Calais, Pas-de-Calais
Puisque je vois que tout le monde est réveillé[2], j'en profite pour signaler une petite pétition, à mon avis insuffisamment médiatisée : celle lancée par Robert Hue et Jean-Pierre Chevènement pour demander la tenue d'un référendum sur la monnaie unique. C'est vrai que le Parti communiste n'est plus ce qu'il était, que Jean-Pierre Chevènement ne représente que lui-même « et encore » ; il n'empêche qu'ils rejoignent un vœu majoritaire, et que Jacques Chirac avait promis ce référendum. Ce qui, techniquement et à l'heure où je parle, fait de lui un menteur.
Je n'ai pas l'impression de faire preuve d'une finesse d'analyse exceptionnelle en diagnostiquant que nous vivons dans un pays dont la population s'appauvrit, a la sensation qu'elle va s'appauvrir de plus en plus, et se montre en outre persuadée que tous ses malheurs viennent de la compétition économique internationale (simplement parce que la «compétition économique internationale», elle est en train de la perdre). L'Europe, il y a encore quelques années, tout le monde s'en foutait ; voilà bien un projet qui n'avait pas soulevé la moindre opposition, ni suscité le moindre enthousiasme ; aujourd'hui, disons que certains inconvénients sont apparus, et qu'on a plutôt le sentiment d'une hostilité croissante. Ce qui, après tout, serait déjà un argument en faveur d'un référendum. Je rappelle que le référendum de Maastricht en 1992 a bien failli ne pas se tenir (la palme historique du mépris revenant sans doute à Valéry Giscard d'Estaing, qui avait estimé le projet « trop complexe pour être soumis au vote »), et qu'une fois arraché il a bien failli se solder par un NON, alors que l'ensemble des hommes politiques et des médias responsables de ce pays appelaient à voter OUI.

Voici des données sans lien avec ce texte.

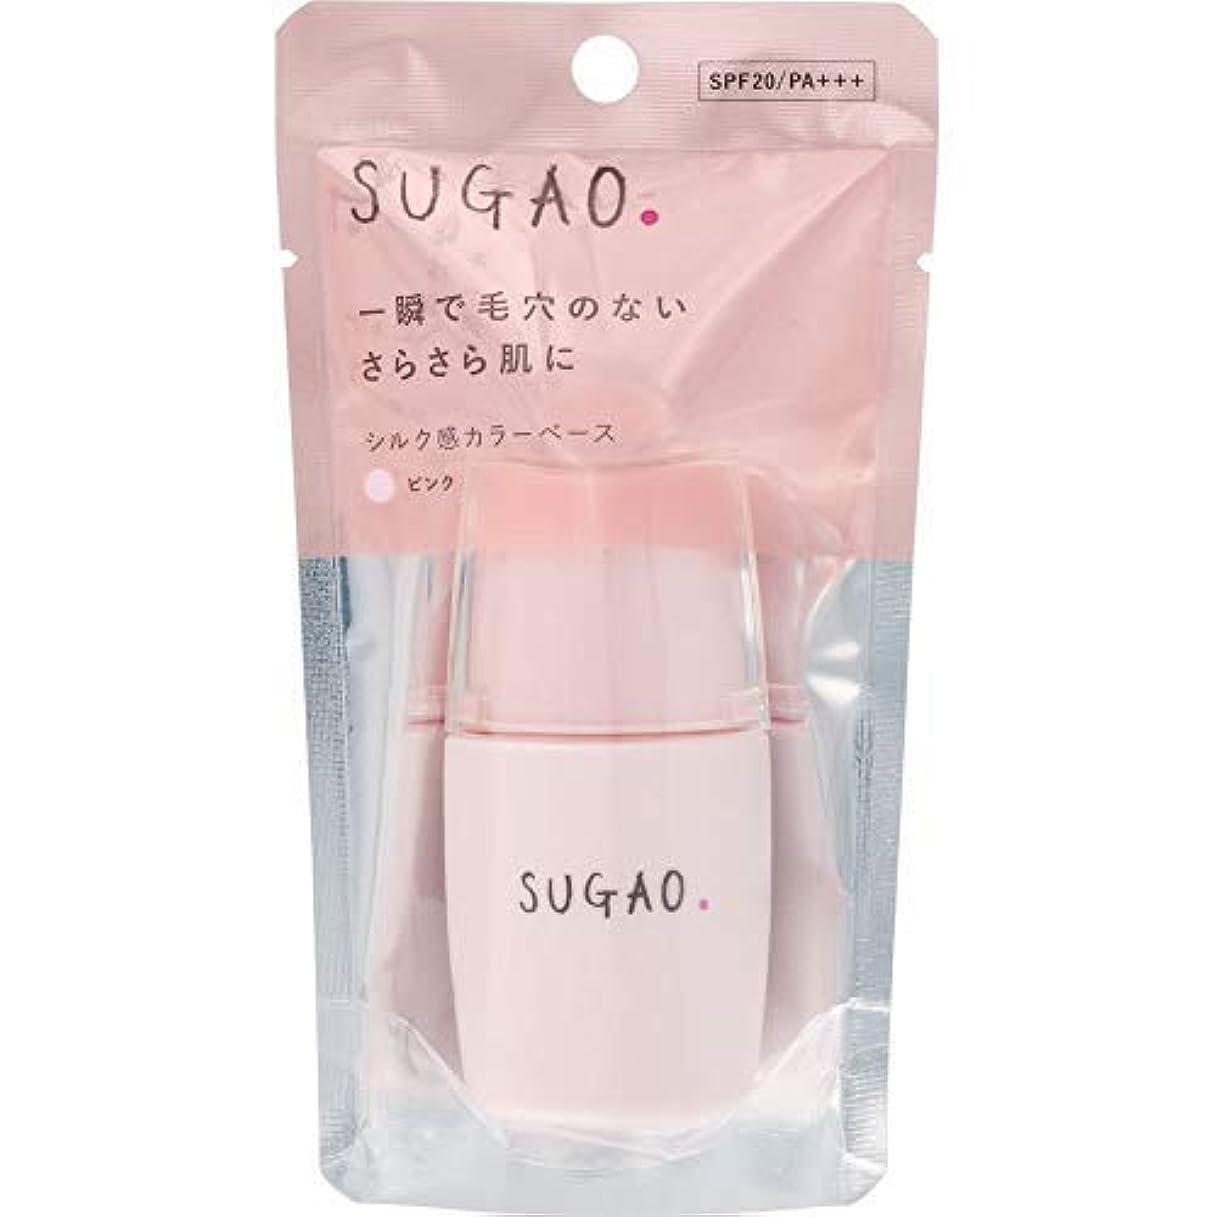 運動腹部擬人化SUGAO シルク感カラーベース ピンク × 2個セット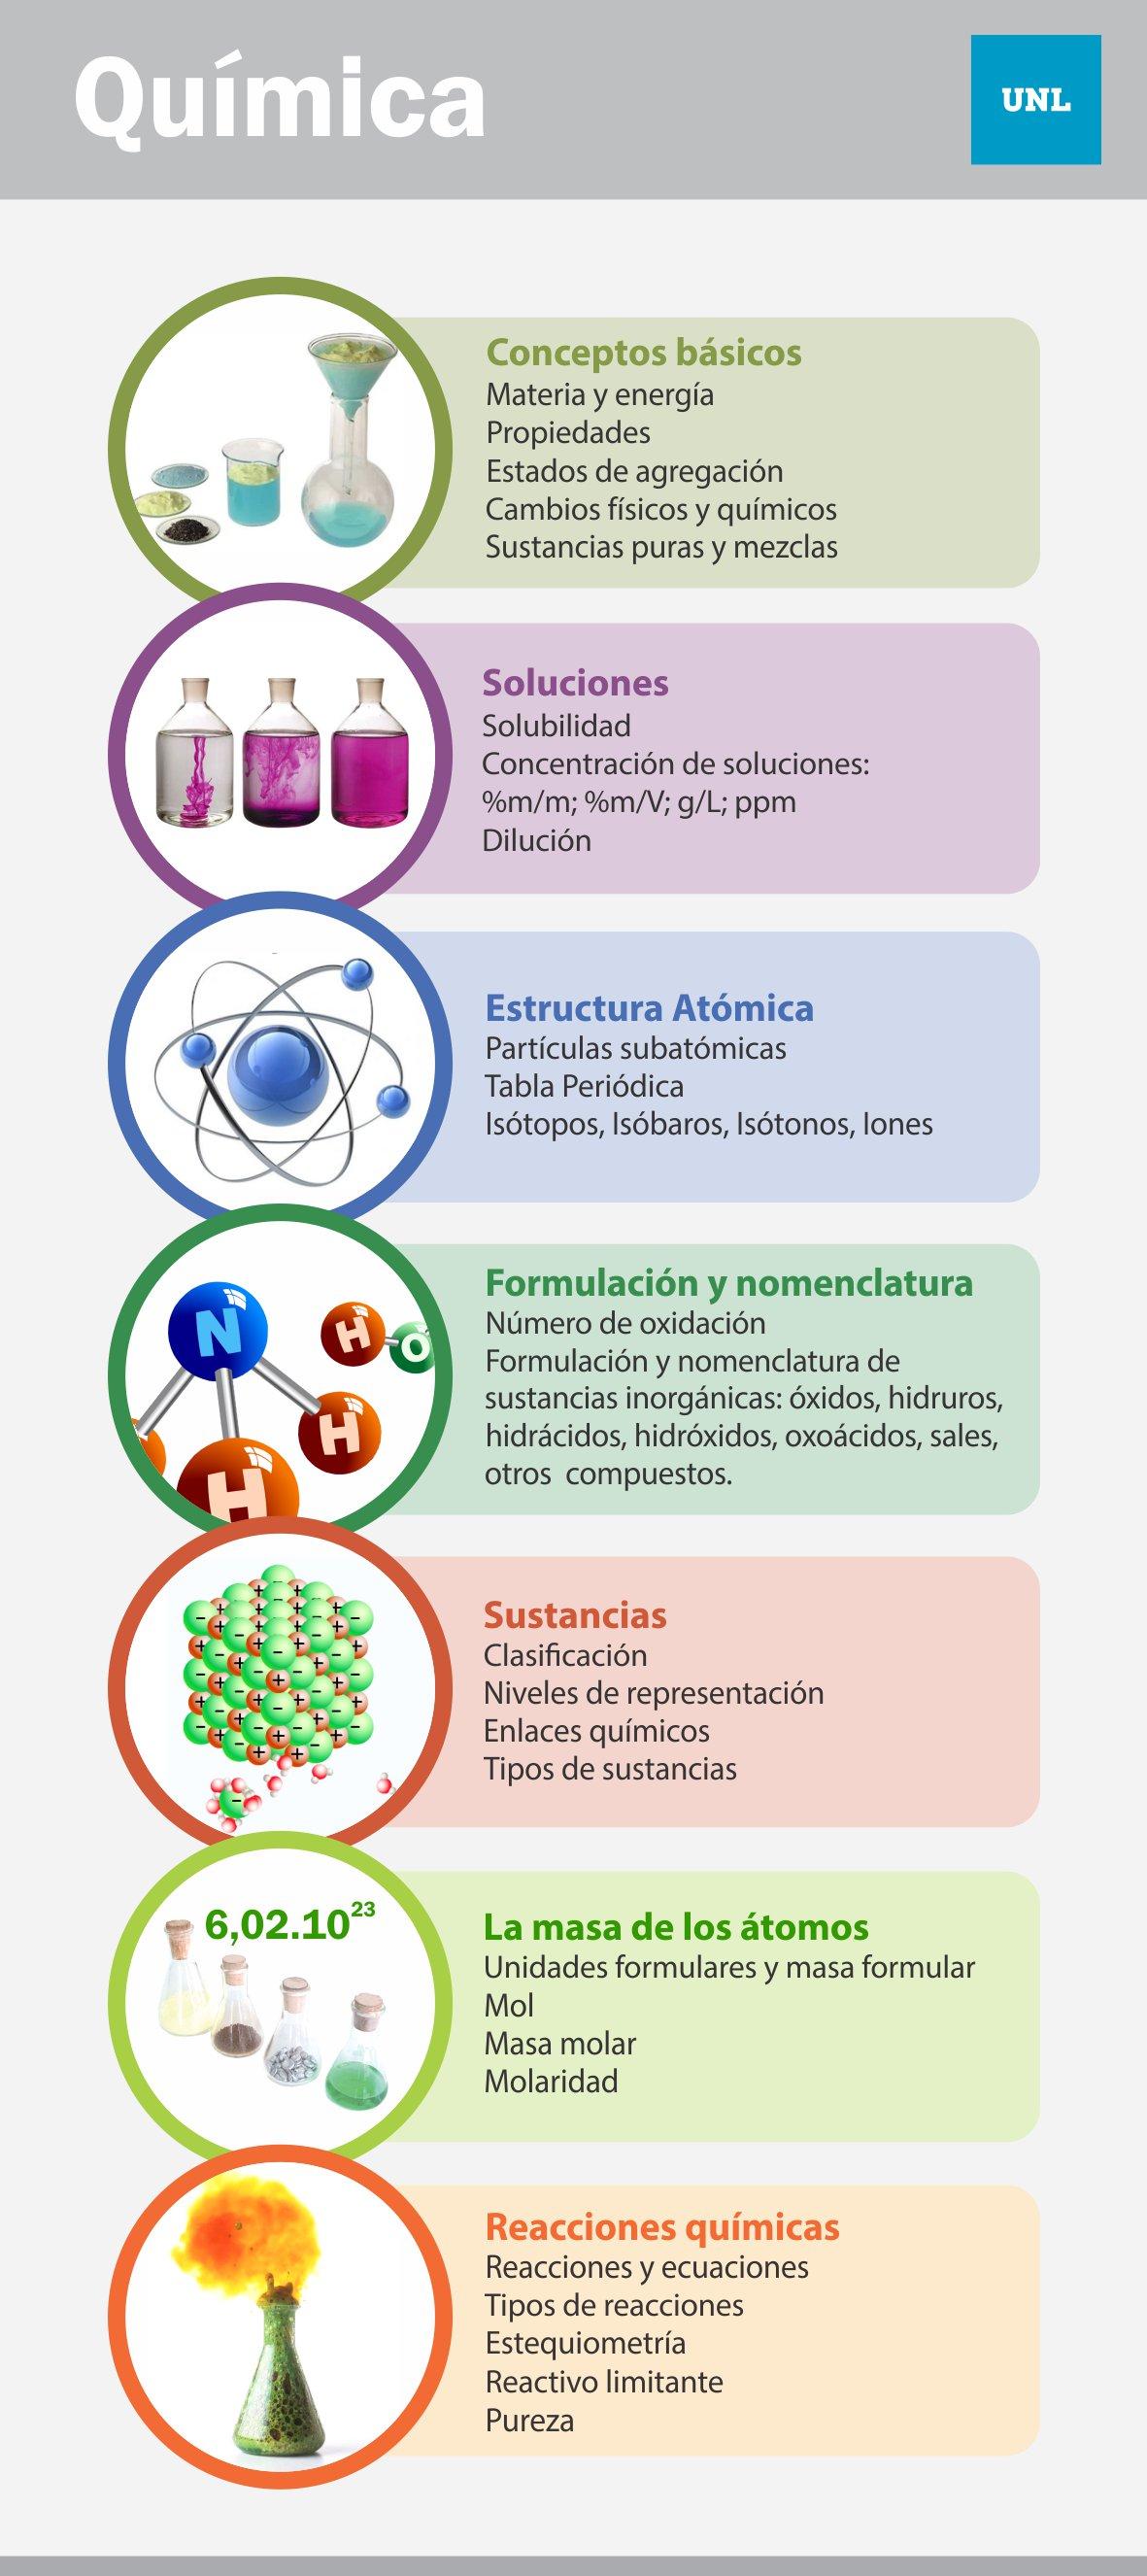 Quimica Articulacion Unl

Cette profonde, et presque incroyable obstination des partis politiques « de gouvernement » à poursuivre un projet qui n'intéresse personne, et qui commence même à écœurer tout le monde, peut à elle seule expliquer bien des choses. À titre personnel, quand on me parle de nos «valeurs démocratiques», j'ai du mal à ressentir l'émotion requise ; ma première réaction serait plutôt d'éclater de rire. S'il y a une chose dont je suis sûr, quand on me demande de choisir entre Chirac et Jospin (!) et qu'on refuse de me consulter sur la monnaie unique, c'est que nous ne sommes pas en démocratie. Bon, la démocratie n'est peut-être pas le meilleur des régimes, c'est peut-être comme on dit la porte ouverte à de « dangereuses dérives populistes » ; mais alors je préférerais qu'on nous le dise franchement : les grandes orientations sont prises depuis longtemps, elles sont sages et justes, vous ne pouvez même pas exactement les comprendre ; il vous est cependant possible, en fonction de votre sensibilité, d'apporter telle ou telle coloration politique à la composition du futur gouvernement.
Dans Le Figaro du 25 février, je relève d'intéressantes statistiques concernant le Pas-de-Calais. 40% de la population y vit en dessous du seuil de pauvreté (chiffres de l'INSEE) ; six ménages sur dix y sont dispensés du paiement de l'impôt sur le revenu. Contrairement à ce qu'on pourrait croire, le Front national y réalise des scores médiocres ; il est vrai que la population immigrée est en diminution constante (par contre le taux de fécondité est très bon, nettement supérieur à la moyenne nationale). En fait le député-maire de Calais est un communiste, qui présente l'intéressante particularité d'être le seul à avoir voté lors du dernier congrès contre l'abandon de la dictature du prolétariat.
Calais est une ville impressionnante. D'habitude, dans une ville de province de cette taille, il y a un centre historique, des rues piétonnes animées le samedi après-midi, etc. À Calais, rien de semblable. La ville a été rasée à 95 % lors de la Seconde Guerre mondiale ; et dans les rues, le samedi après-midi, il n'y a personne. On longe des immeubles abandonnés, d'immenses parkings déserts (c'est certainement la ville de France où il est le plus facile de se garer). Le samedi soir est un peu plus gai, mais d'une gaieté particulière : presque tout le monde est saoul. Au milieu des troquets il y a un casino, avec des rangées de machines à sous où les Calaisiens viennent claquer leur RMI. Le lieu de promenade du dimanche après-midi est l'entrée du tunnel sous la Manche. Derrière les grilles, le plus souvent en famille, poussant parfois un landau, les gens regardent passer l'Eurostar. Ils font un signe de main au conducteur, qui klaxonne en réponse avant de s'engouffrer sous la mer.